The lack of seriousness in the Obama administration’s fiscal approach was exemplified by the president’s initial proposal to Republicans to avoid the fiscal cliff. It included $50 billion in new spending to supposedly stimulate the economy, which comes on the heels of more than $5 trillion in deficit‐​spending over the last four years. At the same time, the administration seems to ignore that its own Treasury Department publishes estimates showing that the long‐​term unfunded liabilities of Social Security and Medicare are in the tens of trillions of dollars.

For their part, many Republicans acknowledge that spending must be cut substantially if the United States is to avoid a debt crisis. Unfortunately, the actual proposals put forth by the GOP to address overspending have fallen far short. Even the supposedly radical budget proposal by House Budget Committee chairman Paul Ryan (R‑WI) is short on details and has few actual program terminations.

Furthermore, despite the 2010 congressional elections that put dozens of “Tea Party” fiscal conservatives in the House, the Republicans have shied away from trying to actually end programs or downsize federal agencies. Indeed, on the few House votes taken on eliminating specific welfare‐​state programs in the past two years, large numbers of Republicans have joined the Democrats in blocking cuts.

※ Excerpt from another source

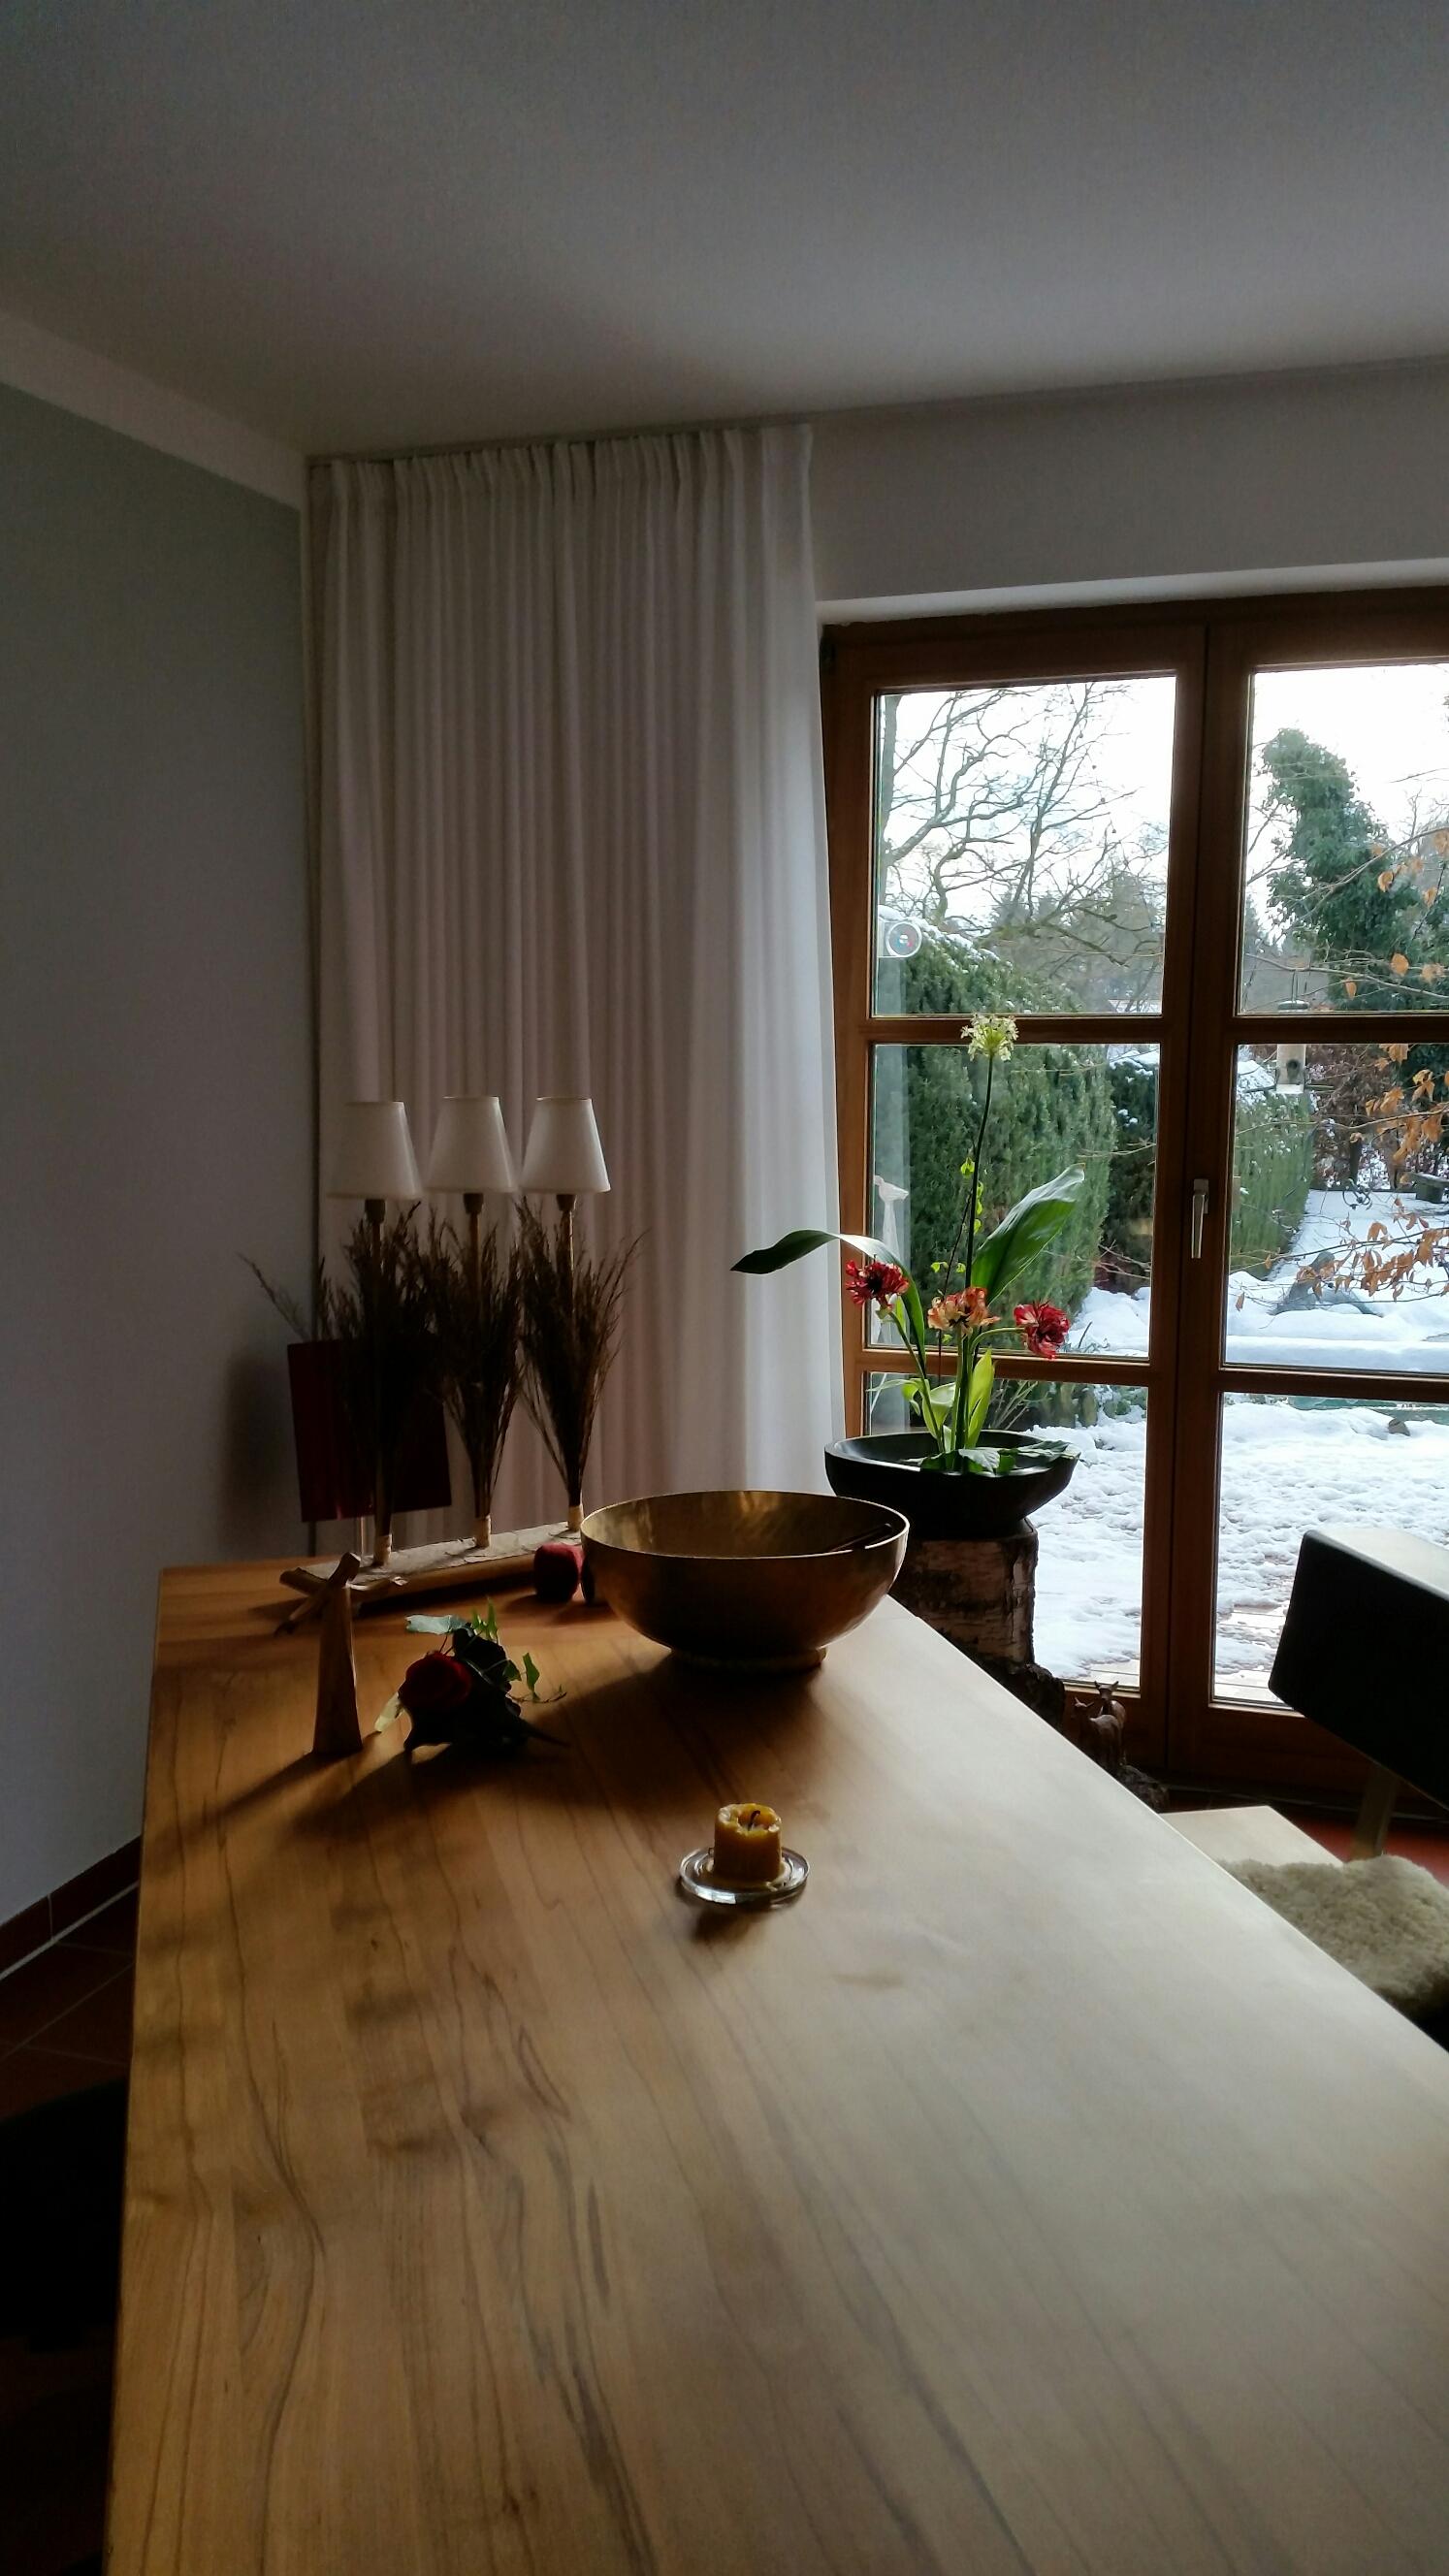 einrichtung f r individualisten gessertshausen raumausstatter germscheid. Black Bedroom Furniture Sets. Home Design Ideas

The message to a Canadian audience is that the image of American Republicans as a band of budget‐​cutting zealots with chainsaws is, unfortunately, far off‐​base. Jean Chretien and Paul Martin had far more success at cutting budgets in the 1990s than Republicans have ever had. Meanwhile, American Democrats share the same big‐​spending philosophy as Canada’s New Democratic Party.

The upshot is that the US fiscal situation is very grim. Most members of Congress and the Obama administration support increased spending in the face of the ongoing flood of red ink. The huge deficits combined with a highly‐​skewed tax code that exempts about half of the public from paying income tax means that many people don’t feel the direct pain of big‐​government spending. At the same time, the government is able to finance its more than $16 trillion in debt held by the public at very low interest rates, which encourages policymakers to borrow even more.

And yet the American public does occasionally rise up and revolt against big government excesses, as it did in 1980, 1994, and 2010. It is also true that Republicans forced through the 2011 Budget Control Act, which put legal caps on non‐​entitlement spending for the next decade. It is true as well that growing numbers of policymakers are thinking about America’s place in the global economy and are realizing that the country may go the way of Greece if it isn’t careful. There has also been growing interest in Washington regarding successful foreign reforms, including Canada’s impressive fiscal reforms of the 1990s.

However, balanced against those points of optimism are numerous risk factors to the US fiscal outlook that are often overlooked. Even if the economy recovers in the next couple of years and federal revenues rise, policymakers will likely find new reasons to spend more money and keep deficits high. Another economic downturn would bring forth demands for more Keynesian spending stimulus. A new military conflict would push up the already bloated defense budget. And as we’ve seen in the wake of Hurricane Sandy, every unexpected natural disaster is an excuse to open the spending floodgates for infrastructure and aid payments. The fiscal reality is that policymakers have no choice but to sharply reduce spending if the US is to head off the looming fiscal train wreck. Unfortunately, it does not appear that they are prepared to make the necessary spending cuts at this time. Unfortunately, the longer they wait, the more difficult will be the reforms.